Nun kann mit diesen Ausführungen wohl dargetan werden, daß die Kinder sich zu anderen als Erwerbszwecken außerhalb der Wohnung der Beschwerdeführerin aufhalten, nicht aber, daß dieser Aufenthalt ein nur vorübergehender ist. Um ein Kind, das sich außerhalb der gemeinsamen Wohnung der Familie aufhält, noch als haushaltszugehörig ansehen zu können, darf der Aufenthalt des Kindes nicht solcherart sein, daß er zu einer Auflösung der Wohnungsgemeinschaft führt. Da der Aufenthalt nach der Ausdrucksweise des Gesetzes nur ein "vorübergehender" sein darf, läßt sich erkennen, daß die Abwesenheit von der bestandenen Wohnungsgemeinschaft nur eine zeitlich beschränkte sein darf und diese zeitliche Beschränkung, damit sie nicht zur Auflösung der Wohnungsgemeinschaft führt, nicht lange Zeit, also nur einen vorübergehenden Zeitraum, dauern darf, wie dies bei einer Ausbildung oder Schulbesuch der Kinder der Fall ist.

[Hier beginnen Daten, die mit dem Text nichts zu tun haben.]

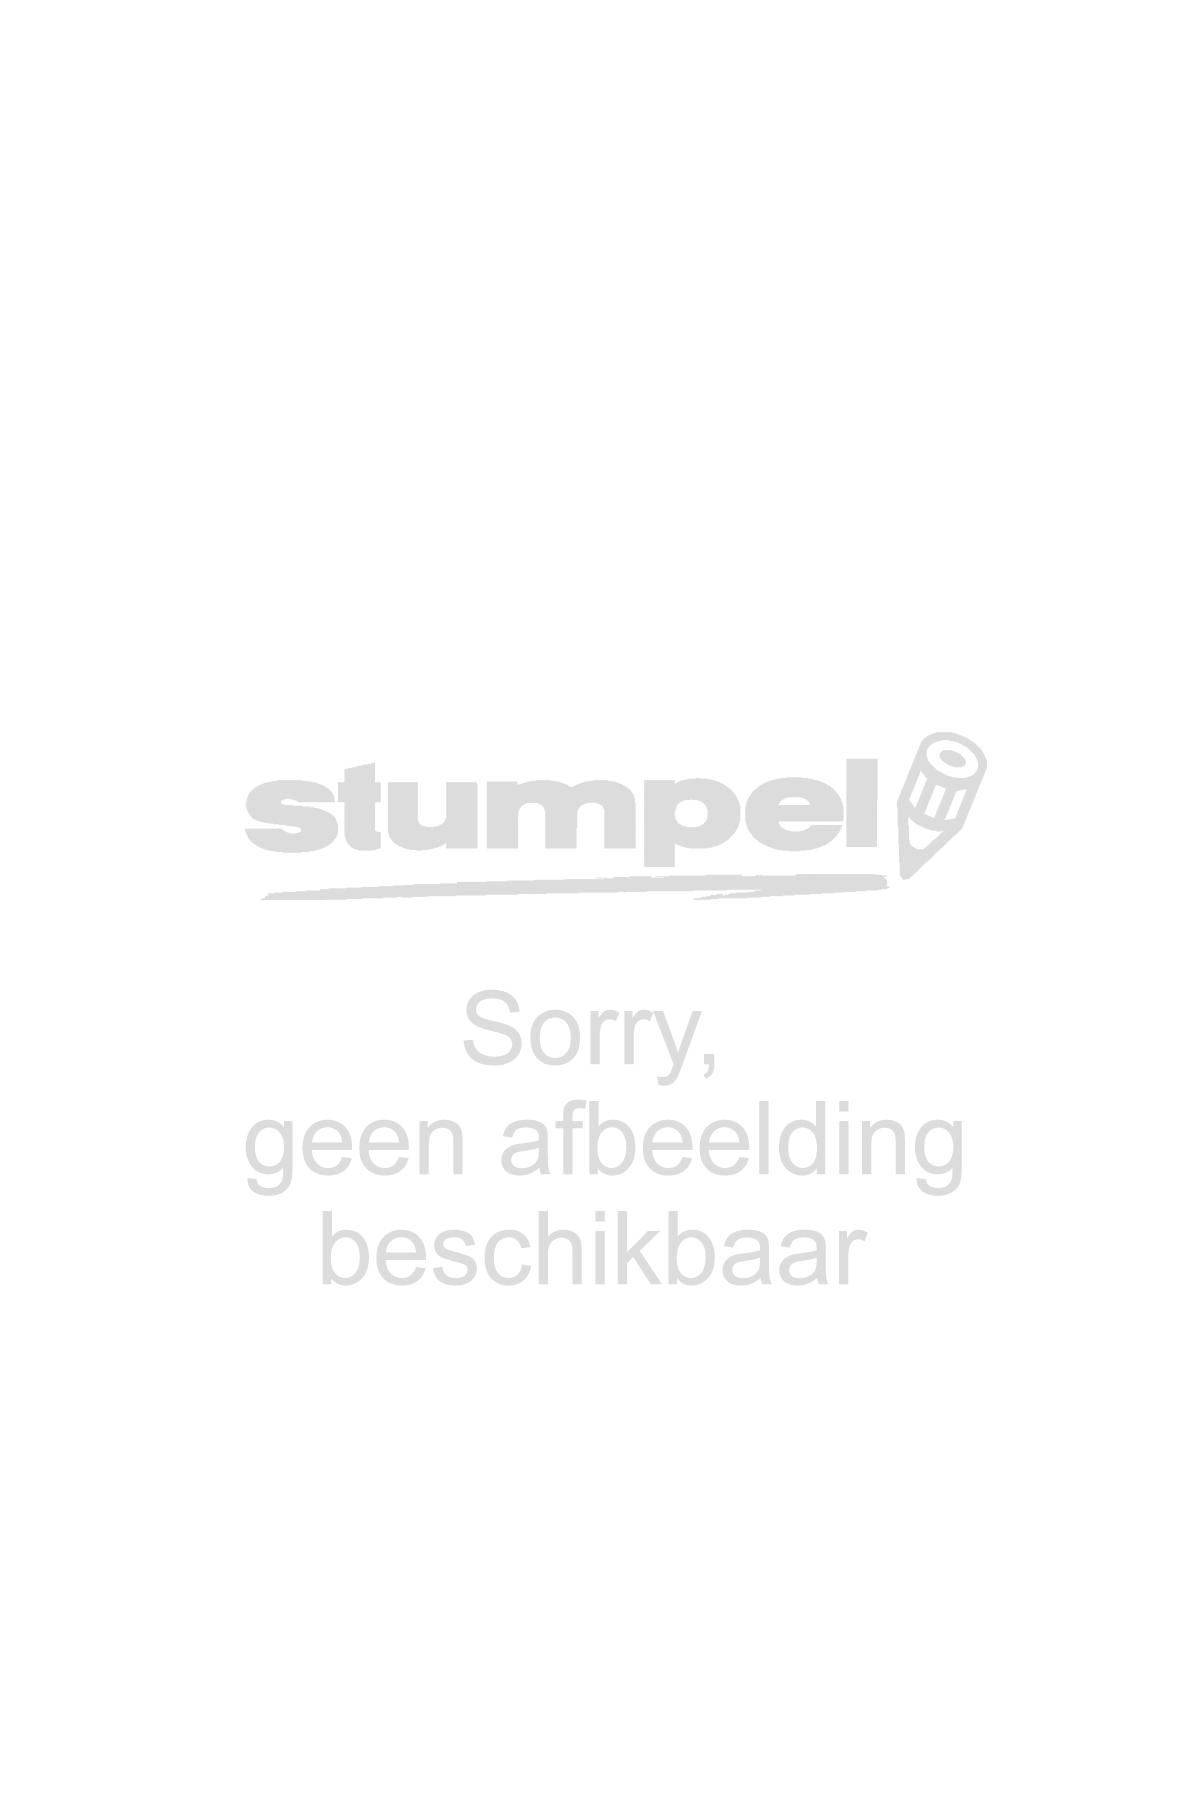 puntenslijper-lamy-4plus-10583285

Daß dies aber für den vorliegenden Fall nicht zutrifft, hat die Behörde in überzeugender Weise dargetan. Sie konnte sich darauf berufen, daß die Beschwerdeführerin, die in dem von ihr verfaßten Antrag als Beruf selbst "Prostituierte" angab und nur ein Kabinett bewohnt, das 1957 geborene Kind im Jahre 1963 und die beiden später geborenen Kinder seit der Geburt in die Pflege der Stadt Wien zu überstellen gezwungen war. Sohin liegen Umstände vor, die der Behauptung der Beschwerdeführerin, der Aufenthalt ihrer Kinder außerhalb ihrer Wohnung sei ein nur vorübergehender, entgegenstehen und die Schlußfolgerung der Behörde, daß dieser kein nur vorübergehender sei, vollauf gerechtfertigt erscheinen lassen. Im übrigen ist im gegebenen Zusammenhang noch darauf hinzuweisen, daß durch die Übergabe der Kinder in die Pflege und Erziehung der Stadt Wien von dieser weitgehend die wirtschaftliche und zur Gänze die erzieherische Obsorge für die Kinder, getragen wird. Es würde also bei der Gesetzesauslegung der Beschwerde das Tatbestandsmerkmal der tatsächlichen Haushaltszugehörigkeit zu einem bloß fiktiven werden. Dies würde aber mit dem Grundgedanken des Familienbeihilfenrechtes nicht vereinbar sein, in dessen Sinn bei einer auf Dauer bestehenden öffentlichen Erziehung der Kinder nicht von ihrer Zugehörigkeit zum elterlichen Haushalt gesprochen werden kann (vgl. hiezu das hg. Erkenntnis vom , Slg. Nr. 2093/F).

Die Beschwerde war daher gemäß § 42 Abs. 1 VwGG.1965 als unbegründet abzuweisen.

Die Kostenentscheidung gründet sich auf § 47, § 48 Abs. 2 und § 59 VwGG 1965 in Verbindung mit Art. I B der Verordnung des Bundeskanzleramtes vom , BGBl. Nr. 4.